Wednesday, March 07, 2007

The taxicab religious wars

Some of the Muslim taxi drivers serving the Twin Cities airport want to be able to refuse service to customers carrying liquor or customers with dogs, including guide dogs for the blind. They say that transporting such passengers involves them in a violation of their religious beliefs. About 5,000 refusals have occurred in the past 5 years.

The Twin Cities International airport regulates and controls taxis that want to operate from the airport. Taxi owners are also charged a large license fee for the privilege of doing business there. The airport "stacks" taxis, and assigns them to customers in sequence. The current rules require a taxi to go to the "back of the line" if he refuses a customer (taxi drivers may refuse a fare who is intoxicated or appears dangerous). The airport wants more severe penalties for refusing passengers, including revocation of license for a second offense.

There are clearly rights involved in this dispute. Certainly, a taxi driver does have the right to refuse a fare, just as any other business has a right to refuse a customer. Freedom is, in essence, the right to say NO. If such a driver refused me service from any other location, he would lose the fare and waste his time and gas getting to my location before deciding to refuse my business. I would be inconvenienced by having to order another taxi.

The rights of the airport are a little fuzzier. The airport does have a right to control what happens on its property... to control traffic, and to provide convenient, speedy exit of taxi customers from the facility.

There is another player in this scenario, though, whose rights don't seem to even be discussed... the taxi customer who pays the fare. Can a customer legitimately refuse a particular driver for religious reasons? I could certainly come up with objections to the Muslim religion that I could use to justify refusing a Muslim driver. Personally, I wouldn't, because my objections are not important enough to me to complicate the situation... but if the driver has a right to refuse on religious grounds, then the customer should have the same right.

Refusals complicate life for the airport, of course, which would like to make departures as orderly as possible. They have enough crowd control problems without adding any, and bunching people up at the cab departure point is not desirable. Once we retrieve our bags, we have a very long walk to the taxi stand. Thank goodness for bags with wheels. Aside from refusals and the long walk, their system does seem to work well... you walk up, they point you to the next taxi, and you're off quickly once you get there. We do pay for that smooth system, of course... the big license fee gets passed on in fares, plus the long walk to the taxi area.

Once upon a time, cabs were waiting just outside the baggage area, and we just flagged one over. Refusals weren't an issue then... both drivers and customers would have been able to move on to another pairing. Like most uncontrolled systems, it was a bit chaotic, but it was faster and easier for everyone involved.
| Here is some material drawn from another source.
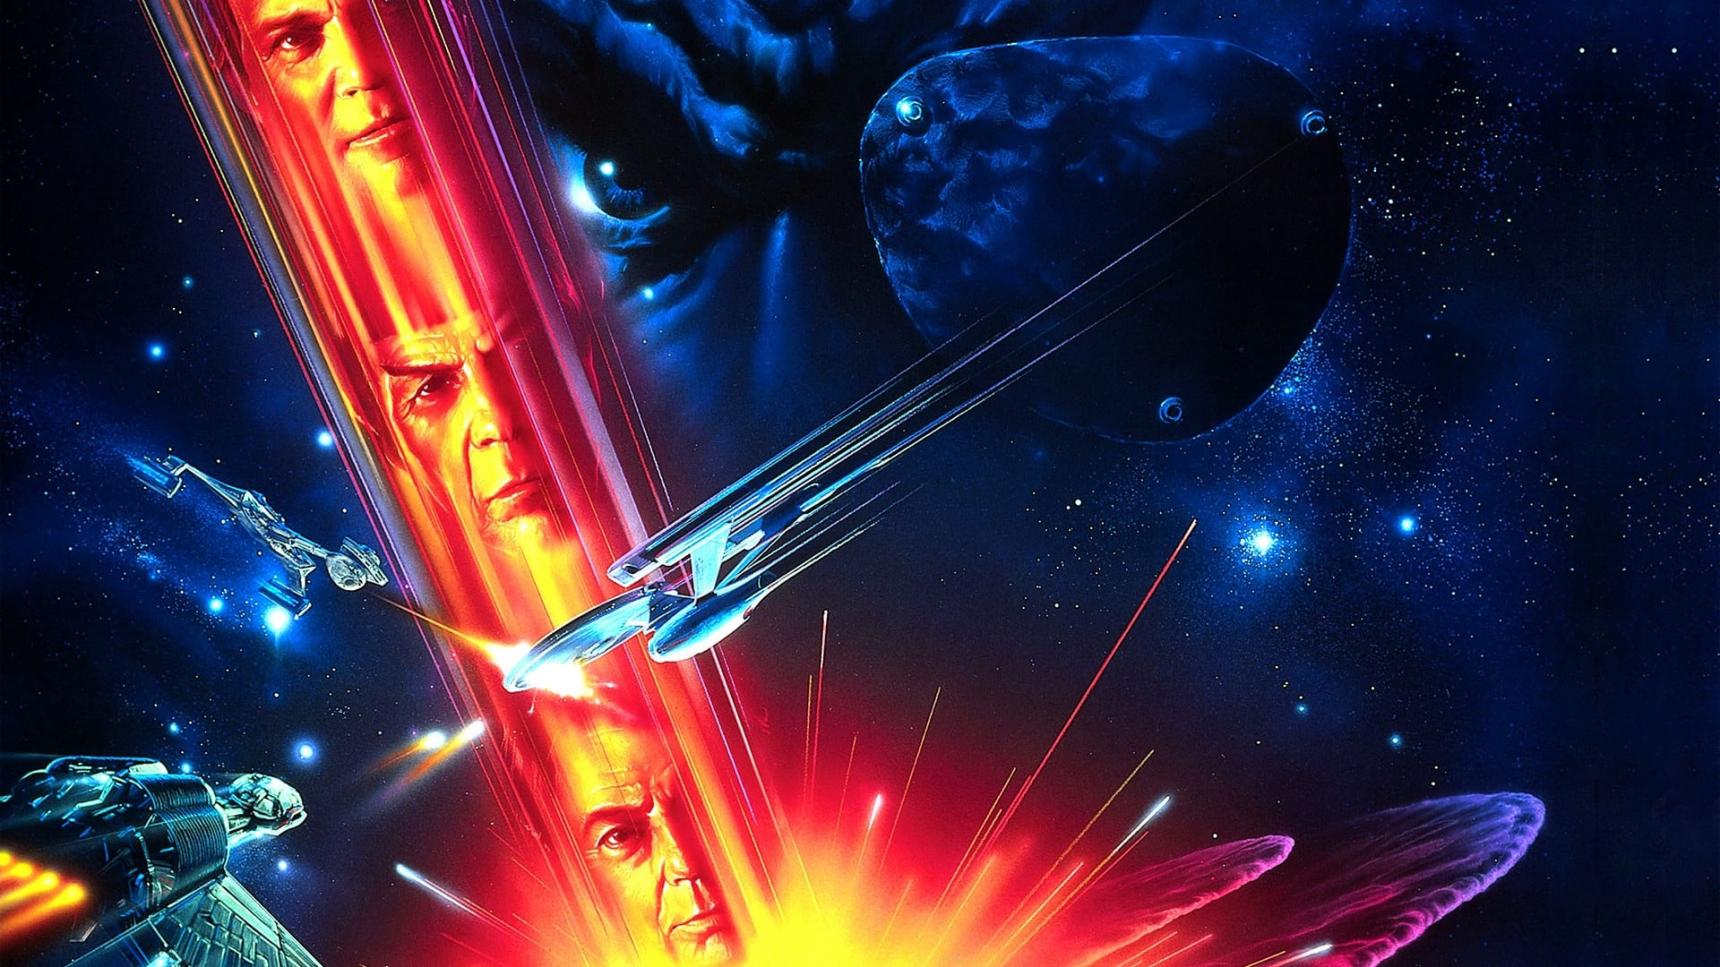 poster de Star Trek VI: Aquel país desconocido
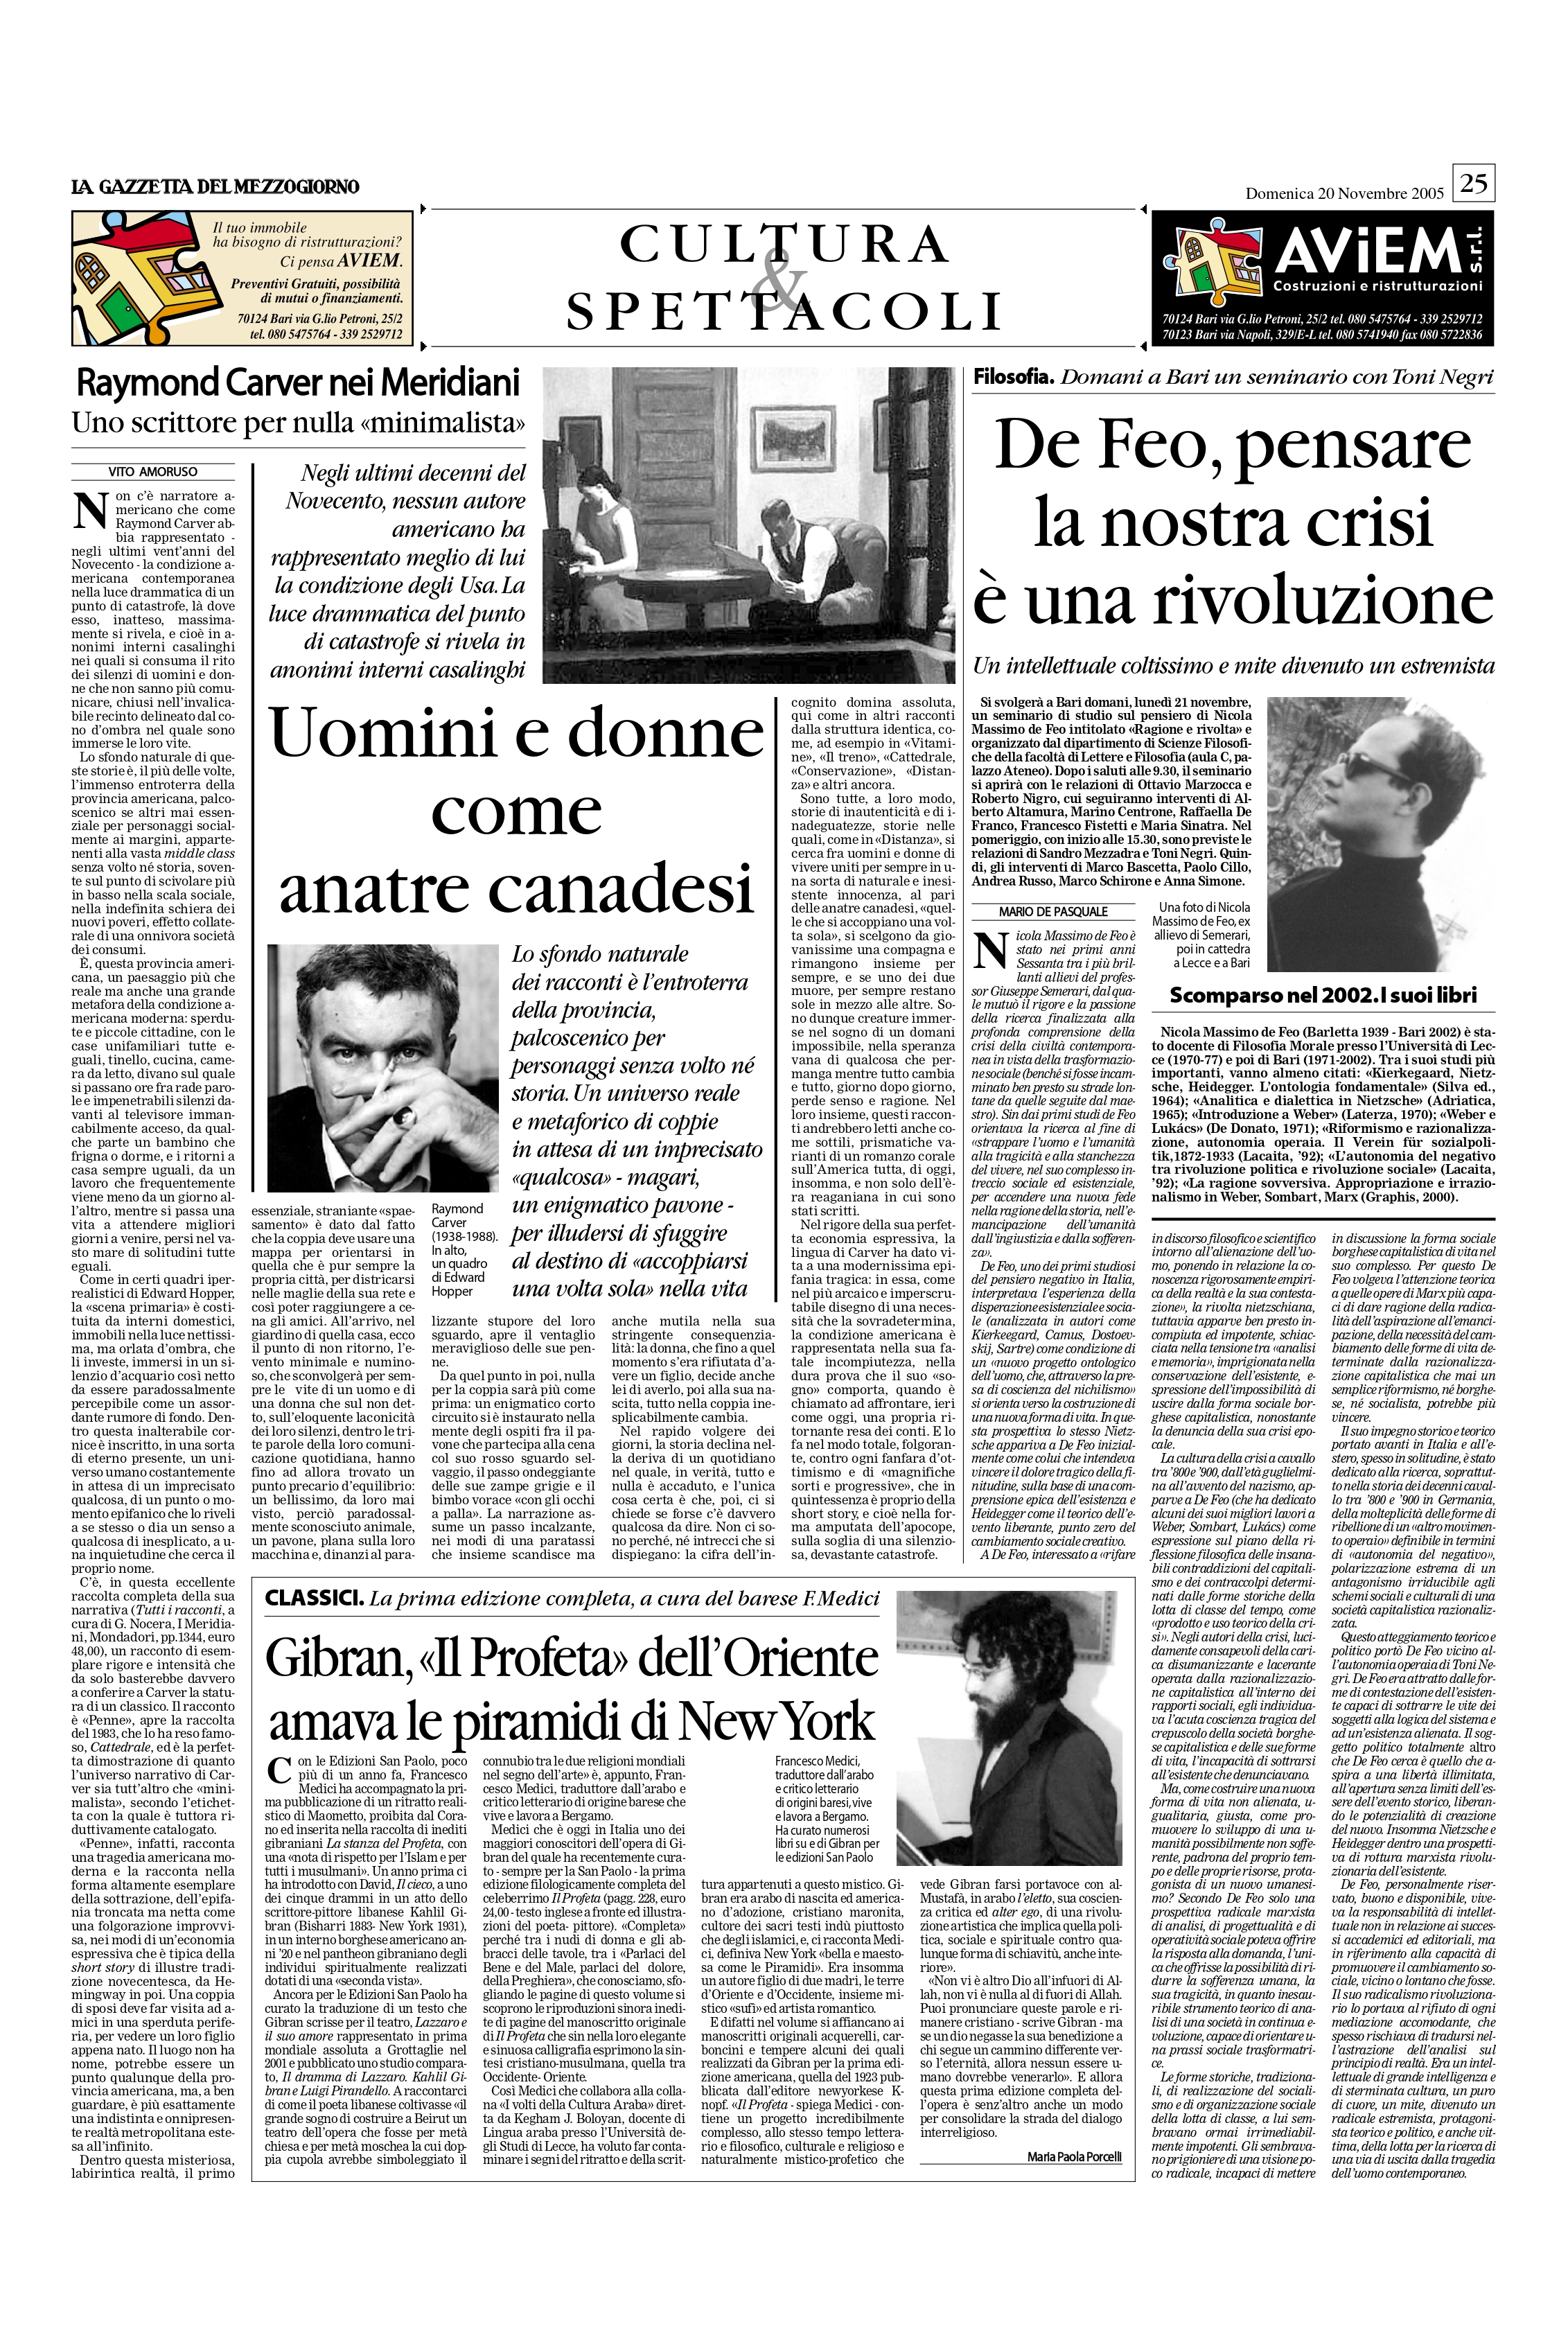 Maria Paola Porcelli, "Gibran, «Il Profeta» dell’Oriente amava le piramidi di New York", La Gazzetta del Mezzogiorno, Nov 20, 2005, p. 25 (review)

Because airports are "commons", "public" facilities, operating in a monopoly context, controlled by governmental agencies, these problems are stickier. In a given city, we have no choice of airports. Virtually all air travel is compacted into a single huge facility, which creates all sorts of congestion problems. Governmental and quasi-governmental operations tend to come up with systems that treat people as robotic groups rather than as individuals. Because they have no competition, they ignore the fact that everyone involved is an individual, and instead treat us as herds to be shepherded along in whatever way seems most efficient for the facility rather than the people. It isn't unusual now to spend more time at the airport, and getting there, than it is on your flight. We poke along for an hour or more, being examined and treated as potential terrorists, wait, then board a cramped plane, wait, taxi, wait in line for the plane's takeoff position, then speed off at 500 MPH to arrive and go through a similar maze at our destination. It's all fairly efficient for the airport, and for the airlines, and pathetically inefficient for those of us who are paying the bills.

We wouldn't put up with such nonsense if we had a choice, but the governmental monopoly eliminates choice and naturally results in treating the paying passengers like herd animals. Imagine any private business trying to treat customers in such a ridiculous manner. They would lose customers so quickly that such a system would vanish, either replaced with better systems, or replaced by a competitor with more creativity.

If the Muslim driver problem occurred in say, courtesy bus systems run by auto dealerships or hotels, it just wouldn't be tolerated. A driver who had a religious problem with passengers most of us would consider normal would just be ineligible for such a job. He would have to find different work. Each of us eliminates certain jobs from our personal list of jobs we're willing and able to take. As an atheist, would it make sense for me to teach Bible studies? I've studied the Bible and done a lot of teaching, so I am qualified to do it, but I would have a problem with that job. It would reasonably require me to say, or refrain from saying, things that my employer and I are not in agreement with. Neither of us should want that conflict..

Likewise, those drivers who cannot, based on their own conscience and beliefs, service any reasonable fare, should find work other than driving taxi. If they wish to offer their services with advertised exceptions to fares they will accept, they could perhaps find a niche in which to work. However, when they acquire a license to work at the airport, they must accept the airport's rules. To have a good contract, both the employer and employee (or contractor) should be happy with the arrangement, or be willing to terminate it.